§ **EXERCISE DATA**:
+++
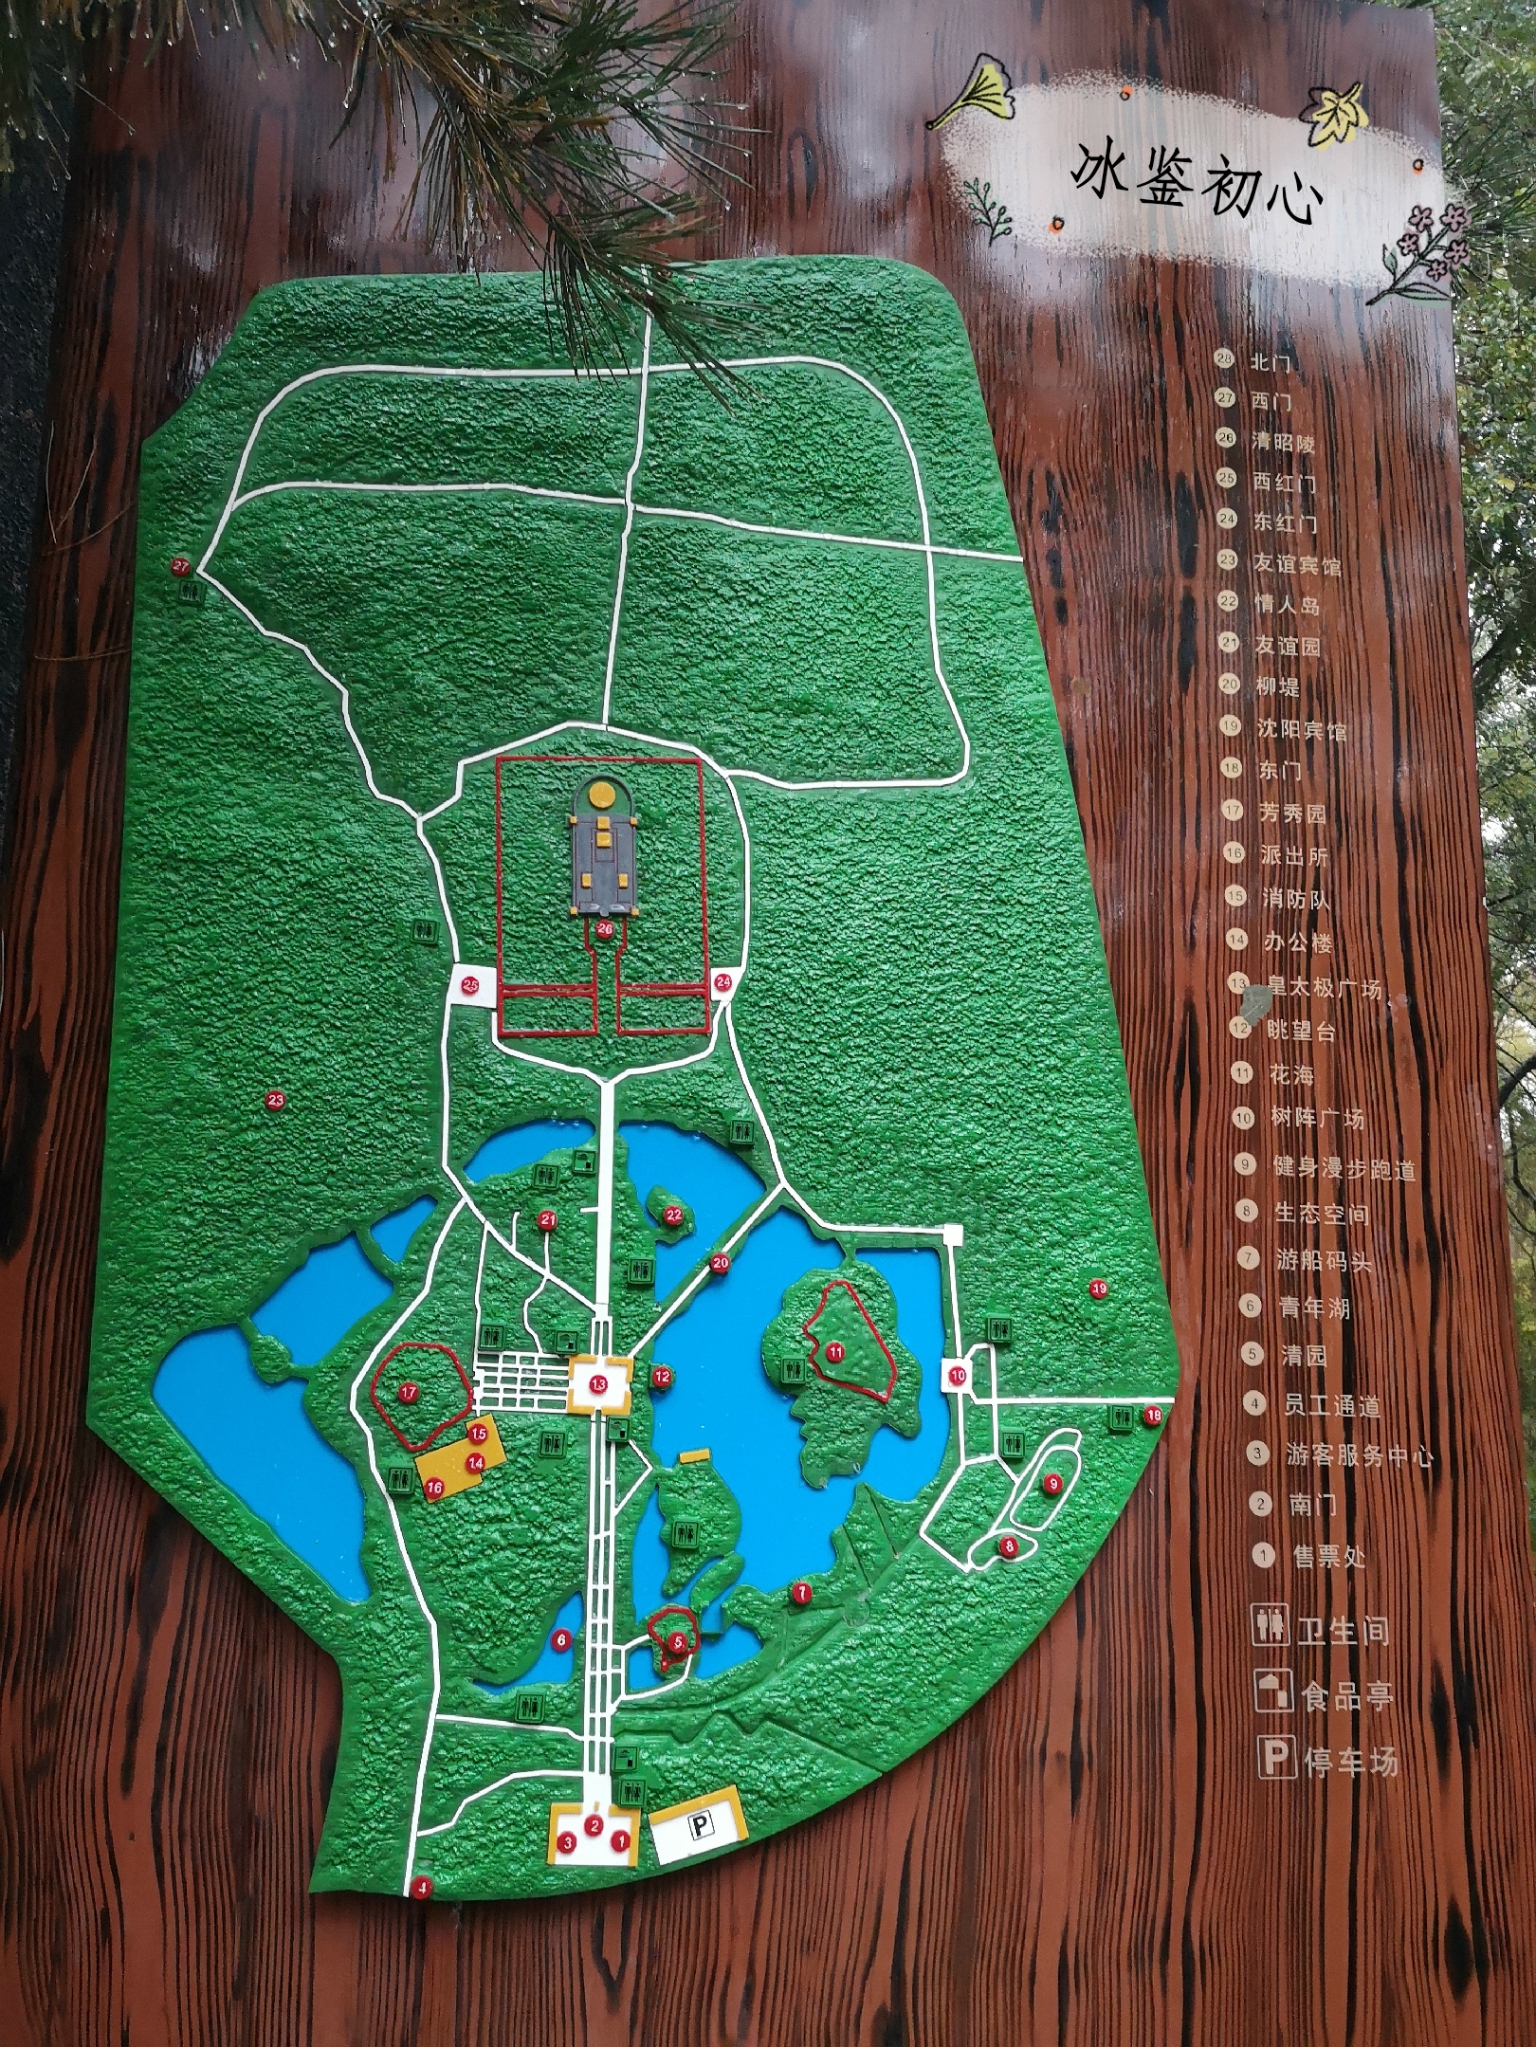 北陵公园地图平面图图片
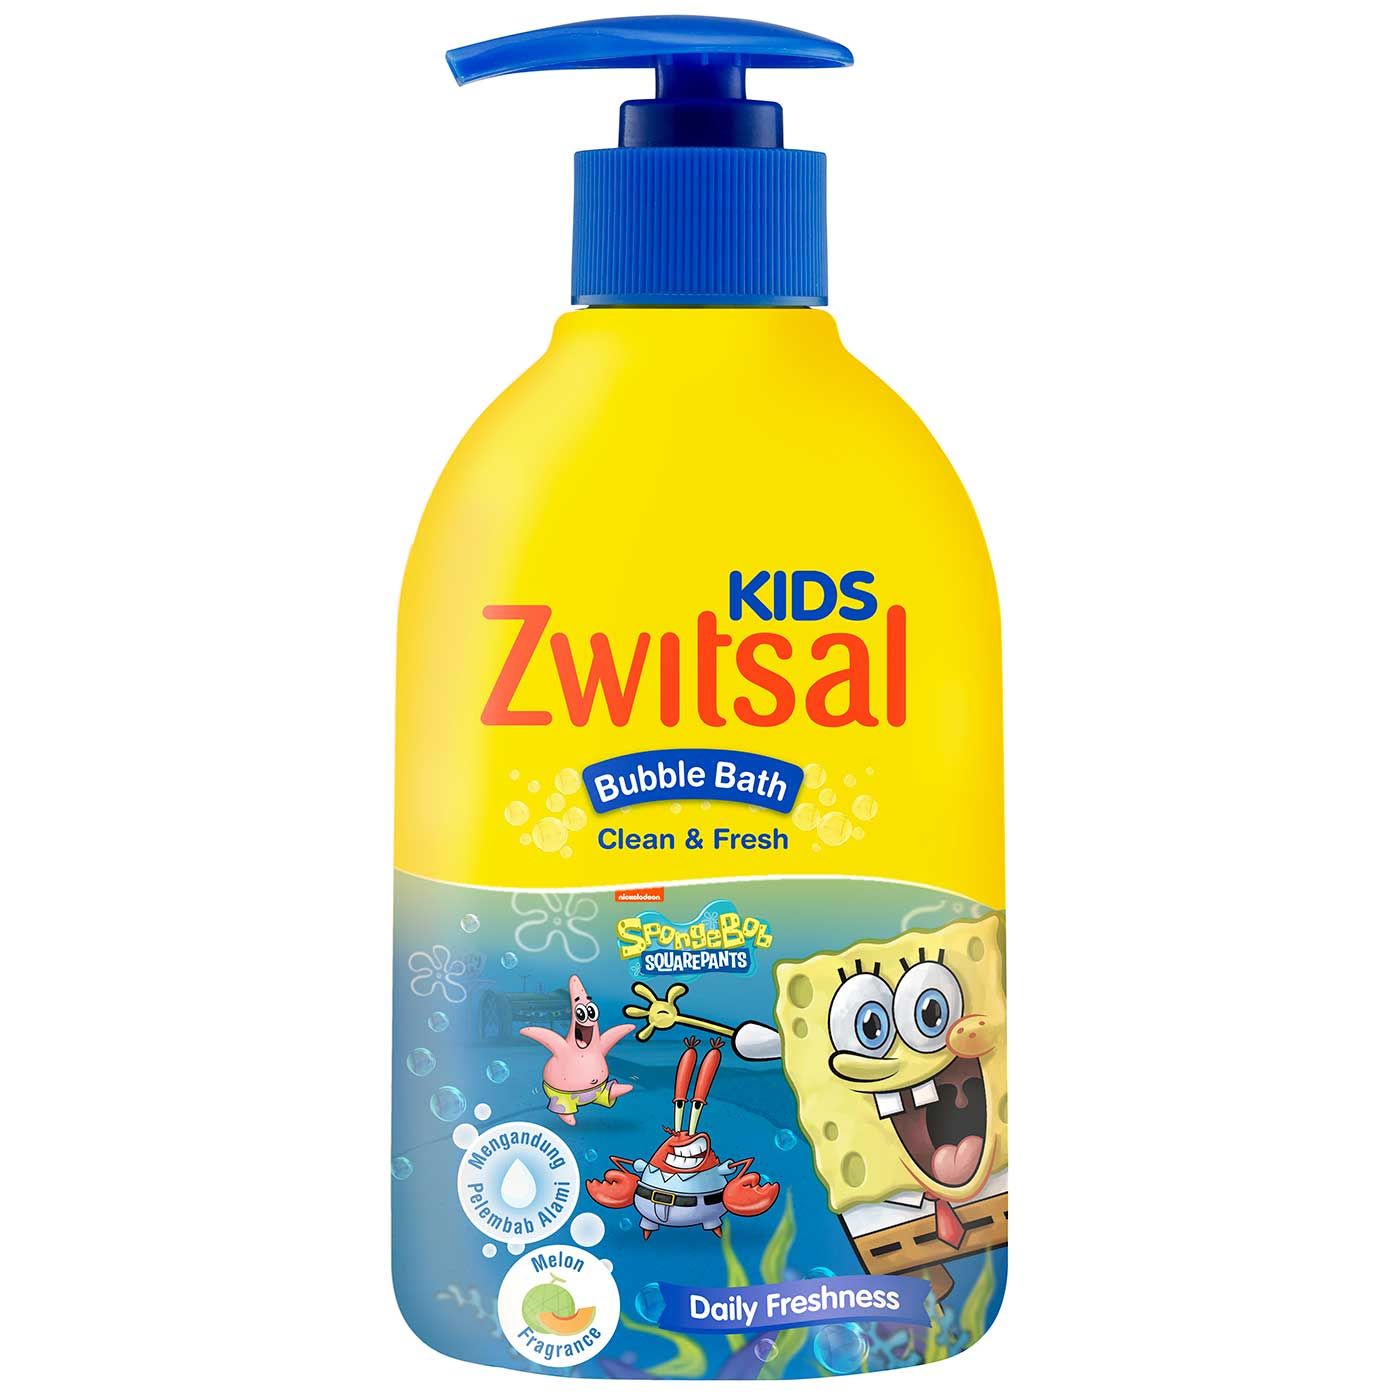 Zwitsal Kids Bubble Bath Blue Clean & Fresh 280ml - 2
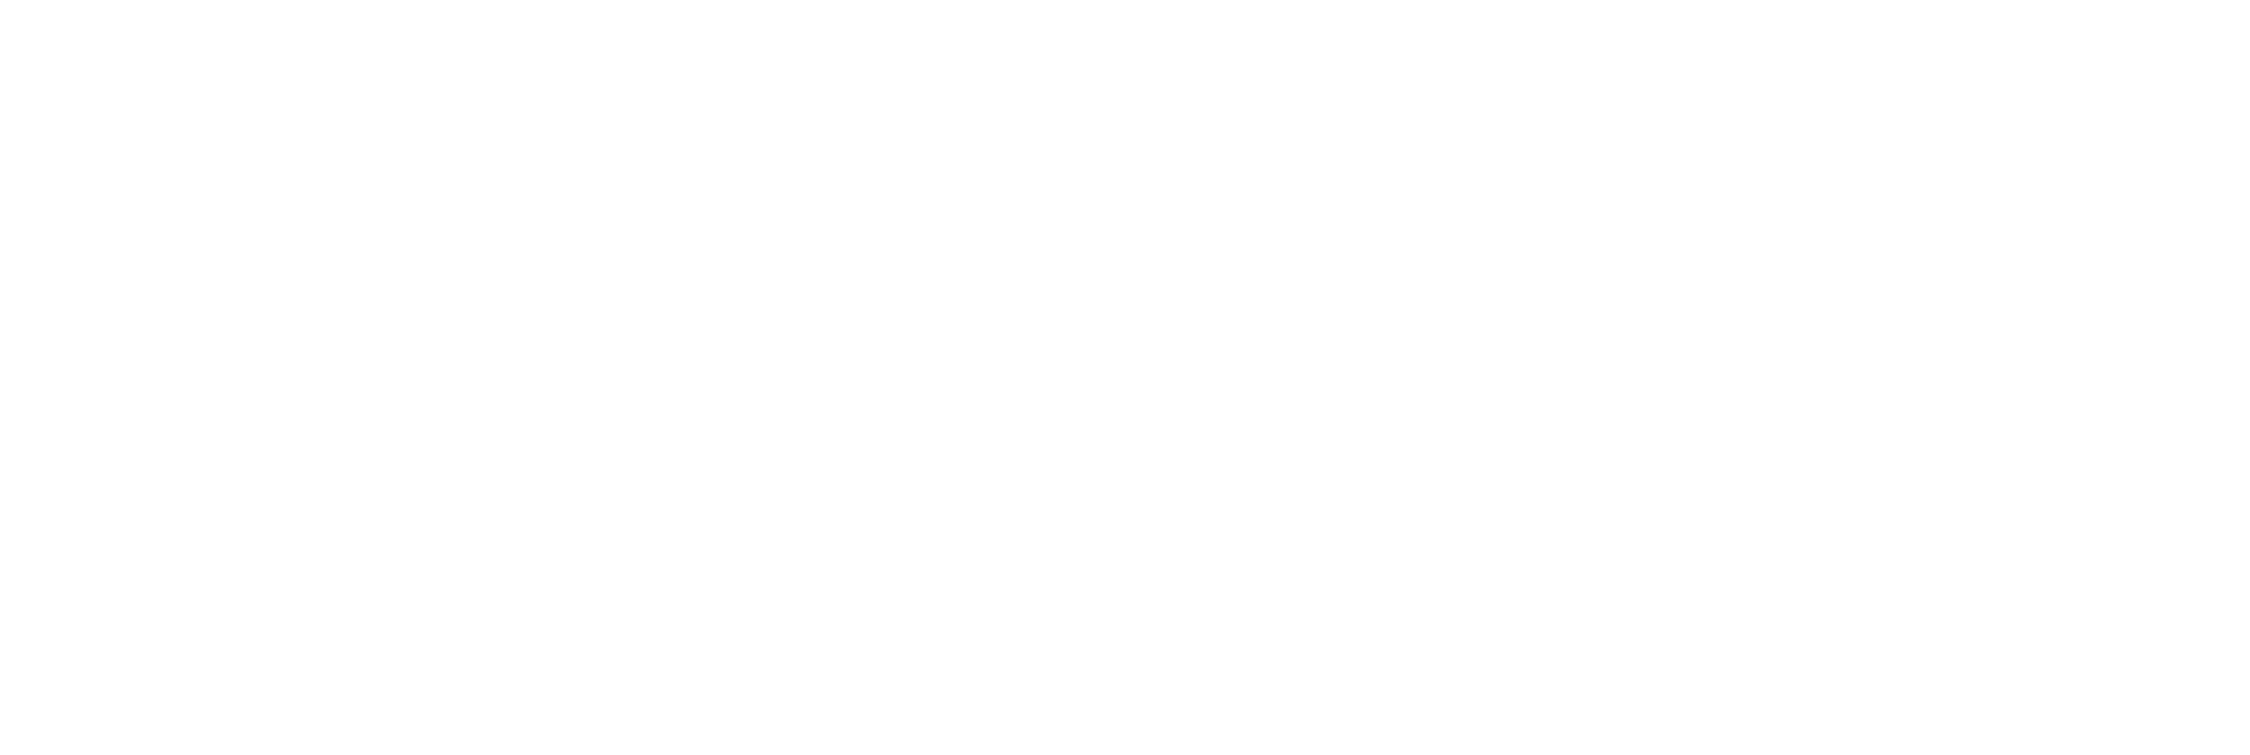 Aviosuperficie Club Astra
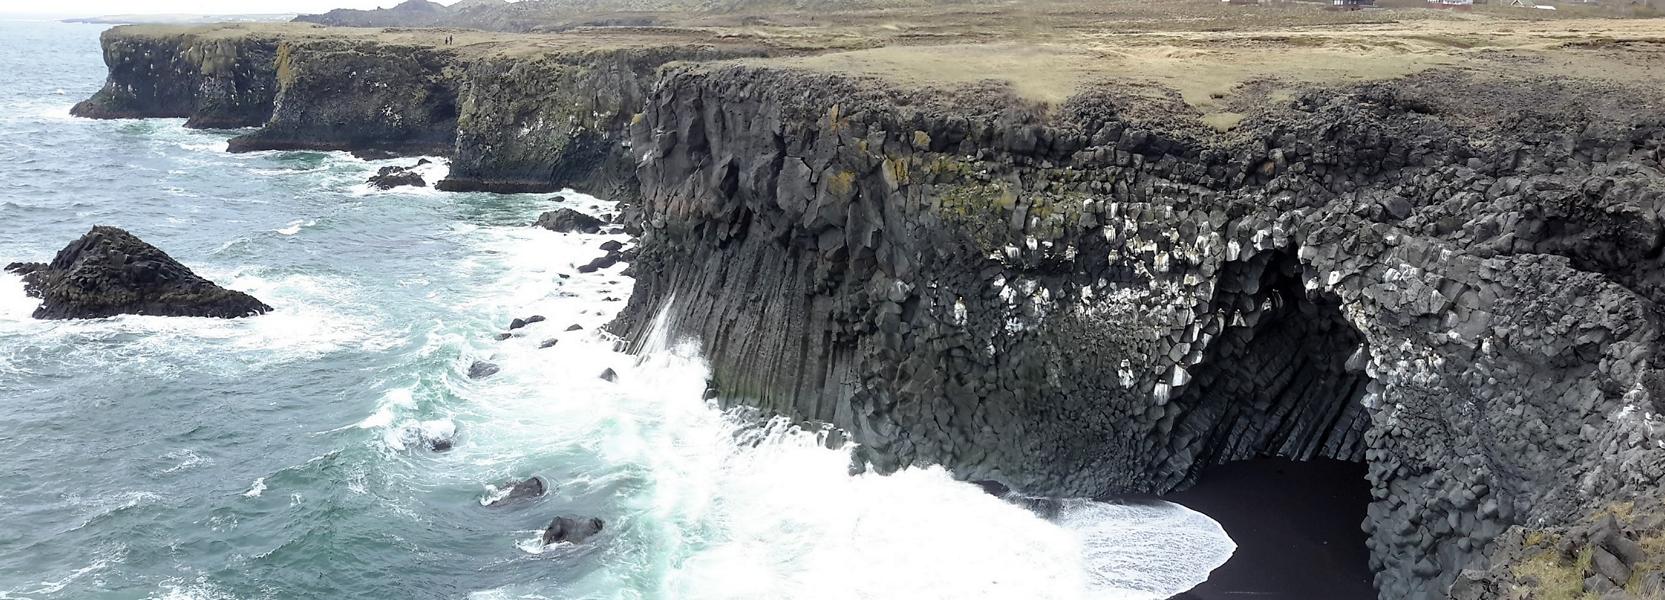 Die starken Wellen formen Höhlen in die Küste.
+++
§ **PROBLEM REQUIREMENTS**:
Without any pictures, print the whole listing again exactly as it stands.

§ **TASK RESULT**:
 北陵公园地图平面图图片
 Zwitsal Kids Bubble Bath Blue Clean & Fresh 280ml - 2
 Aviosuperficie Club Astra
 Die starken Wellen formen Höhlen in die Küste.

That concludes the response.